Тот, дёрнувшись от неожиданности, обернулся:
— Нет, добрый человек! То пани Новакова, нашего мастера супруга, нищим милостыньку ежеден творит. Яко пойдёт в храм, так и прихватит.
— Вот оно как… Доброе дело. А скажи, хлопче — кстати, как тебя звать?
— Яськой.
— Так вот скажи, Ясь: как мне до францисканской обители добраться? Слышал я, что там частица святых мощей храниться. Хочу к ним приложиться…
— То, добрый человек, тебе не близко. Тебе потребно из Града через южные врата в Малу Страну пойти, а там, через Юдитин мост, в Пражске Место. В Пражском Месте градских стен нету, так что ступай тож к югу, а там спросишь. После часа девятого точно там будешь. А вот пустят тебя, нет ли — того не ведаю. Да и пан твой, верно, озлится, что ты сшед…
— За моего пана не беспокойся. Знает он, куда мне нужно. Возьми вот обол за помощь. Если возьмёшься проводить — хеллер получишь.
— Нет, добрый человек! Никак нельзя! Моё дело — здесь находиться неотлучно. А то ведь мастер Новак прибьёт: скоро люд пойдёт, кто яства–пиво носить станет?

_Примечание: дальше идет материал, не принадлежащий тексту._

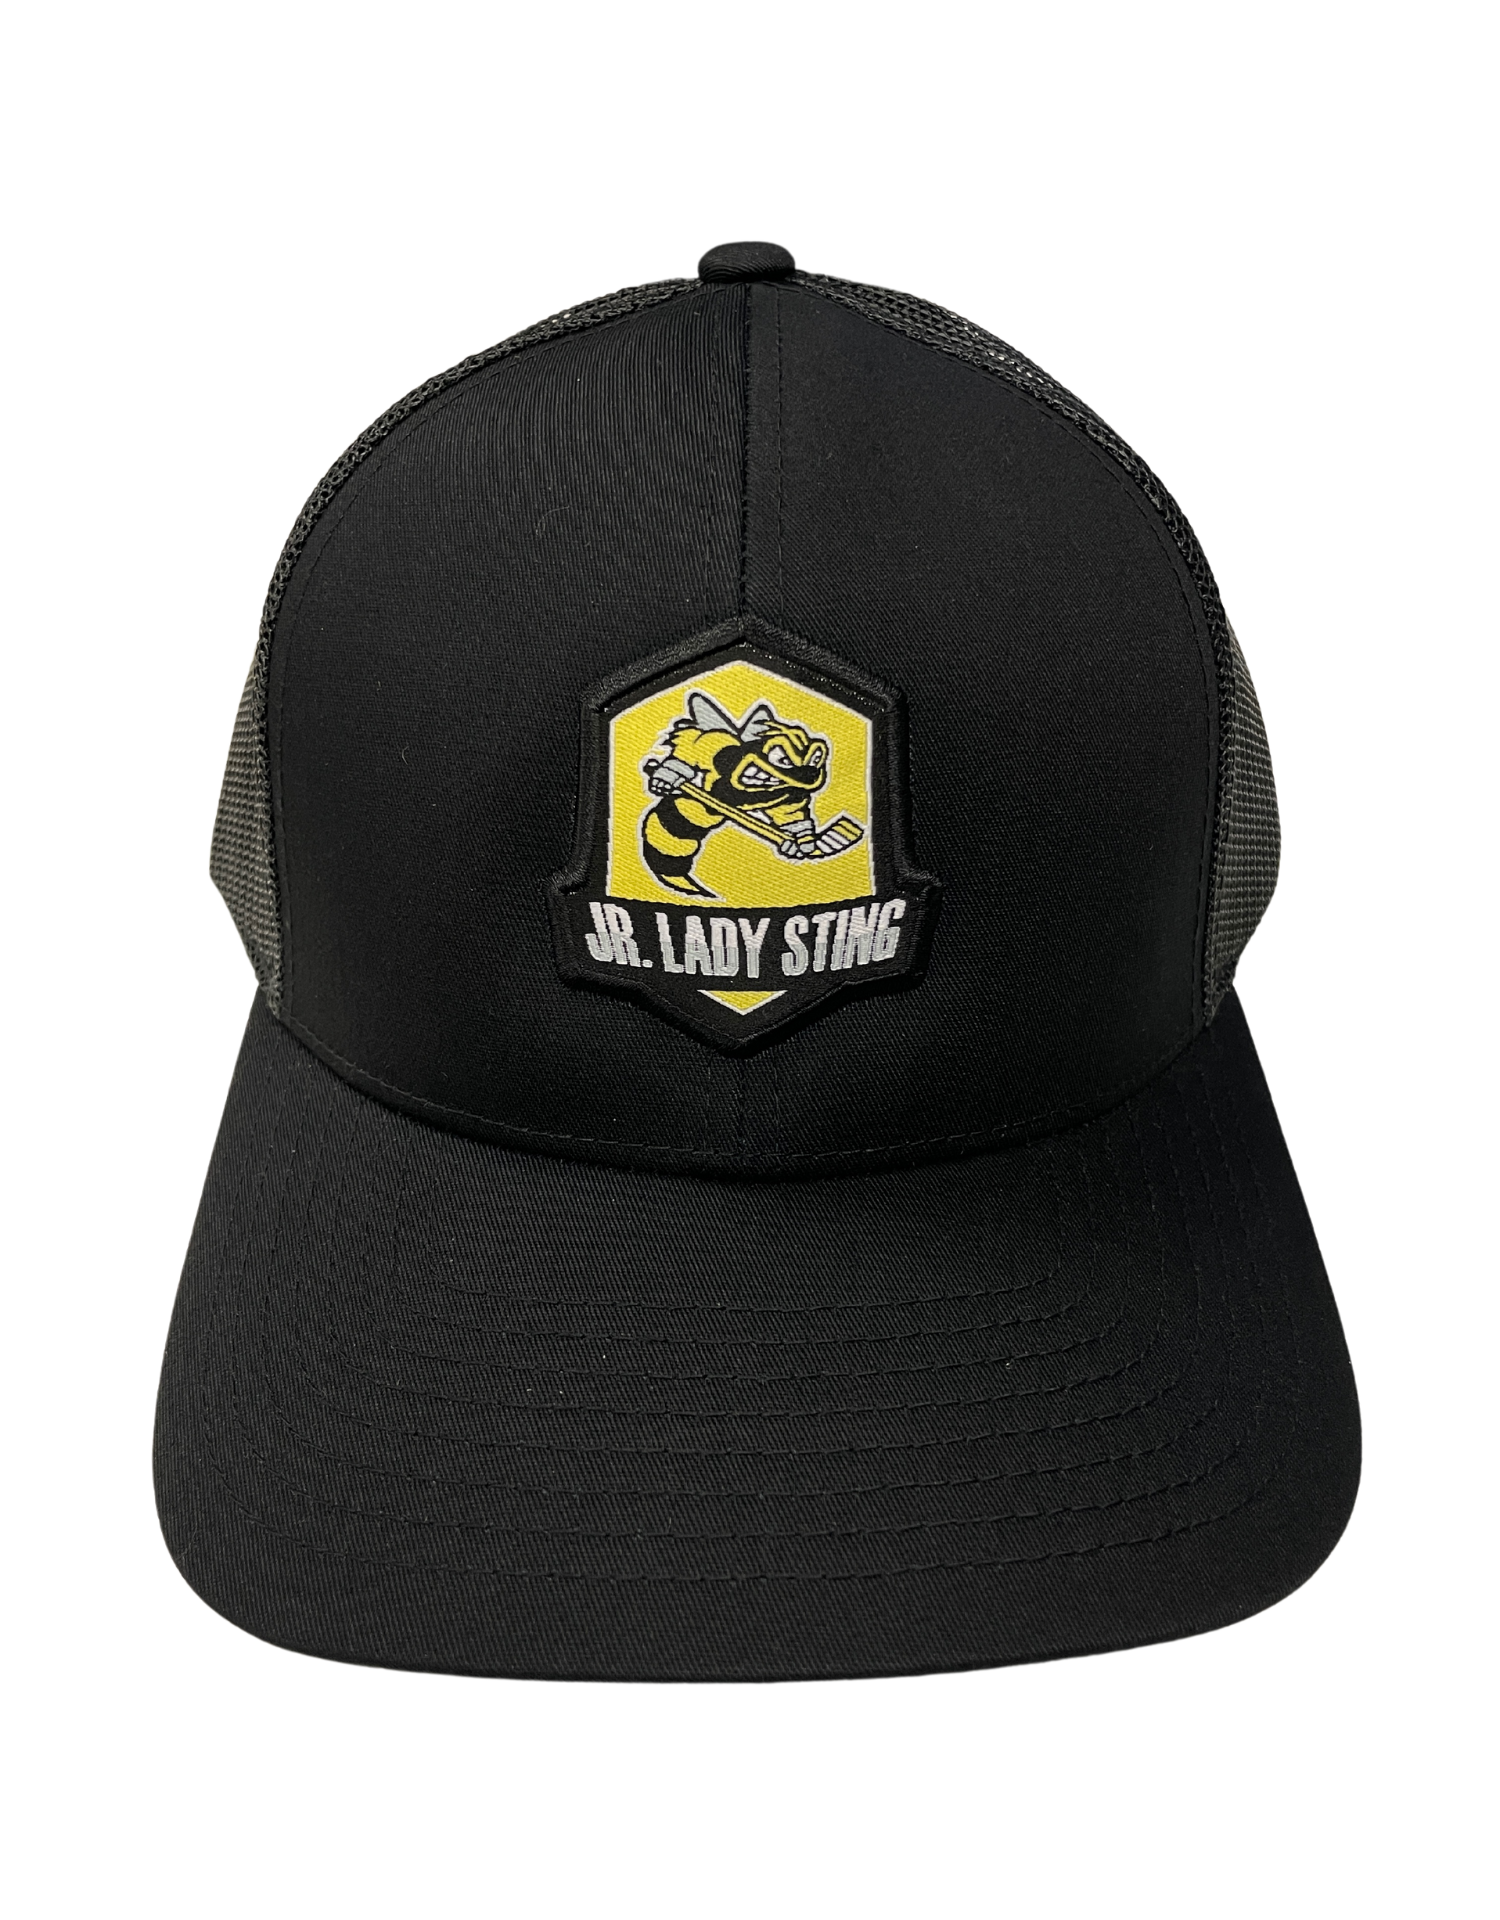 Jr. Lady Sting Baseball Hat

— Ну, на нет и суда нет. Будь здрав, Ясь!
— И тебе, человече, гладкий путь! Будешь вертаться — так не забудь что градские врата после вечерни закрываются не враз, а по колокольному звону. Как третий колокол услышишь, значит, можно боле не спешить, ищи себе ночлег в Пражском Месте. А ни в Мала Страну, ни в Пражский Град тебя до свету никто не пустит!
Да уж, география… В двадцать первом веке таксист довёз бы максимум за час. Ежели без пробок. А тут придётся топать и топать ножками: кони принадлежат земану, да и за проезд через городские ворота, за переправу со всадника или саней берут всяко поболе, чем со скромного пешехода.
Покинув постоялый двор, я сориентировался по солнцу и зашагал по направлению к южной городской стене. Коренных отличий пражских улиц от Жатеца я практически не заметил: разве что кроме двухэтажных встречались и здания в три этажа, кое–где дома прямо над головами прохожих соединялись крытыми галереями. Да какие там 'галереи'! Целые этажи, с мощными каменными стенами, нависающие поперёк узких улочек. Ещё одна особенность Пражского Града радовала глаз — местами за затянутыми бычьим пузырём оконными проёмами угадывались украшающие подоконники длинные ящички с цветами.
Старательно обходя кучки мусора у стен, чёрные и жёлтые пятна от печной золы и выплеснутых за окно поганых бадеек на давно уже не белом утоптанном снегу, примерно через час я добрался до выхода из города. Поскольку солнце уже поднялось достаточно высоко, ворота были давно открыты, так что последние метров триста я то и дело был вынужден жаться к домам, пропуская гружёные разной снедью сани богатых мужиков, спешивших на рынок. Мужики победнее волокли свой товар в заплечных коробах, сплетённых из лыка. Оно и понятно: Пражский Град по нынешним понятиям немал, а жителям чем–то да надо набивать животы.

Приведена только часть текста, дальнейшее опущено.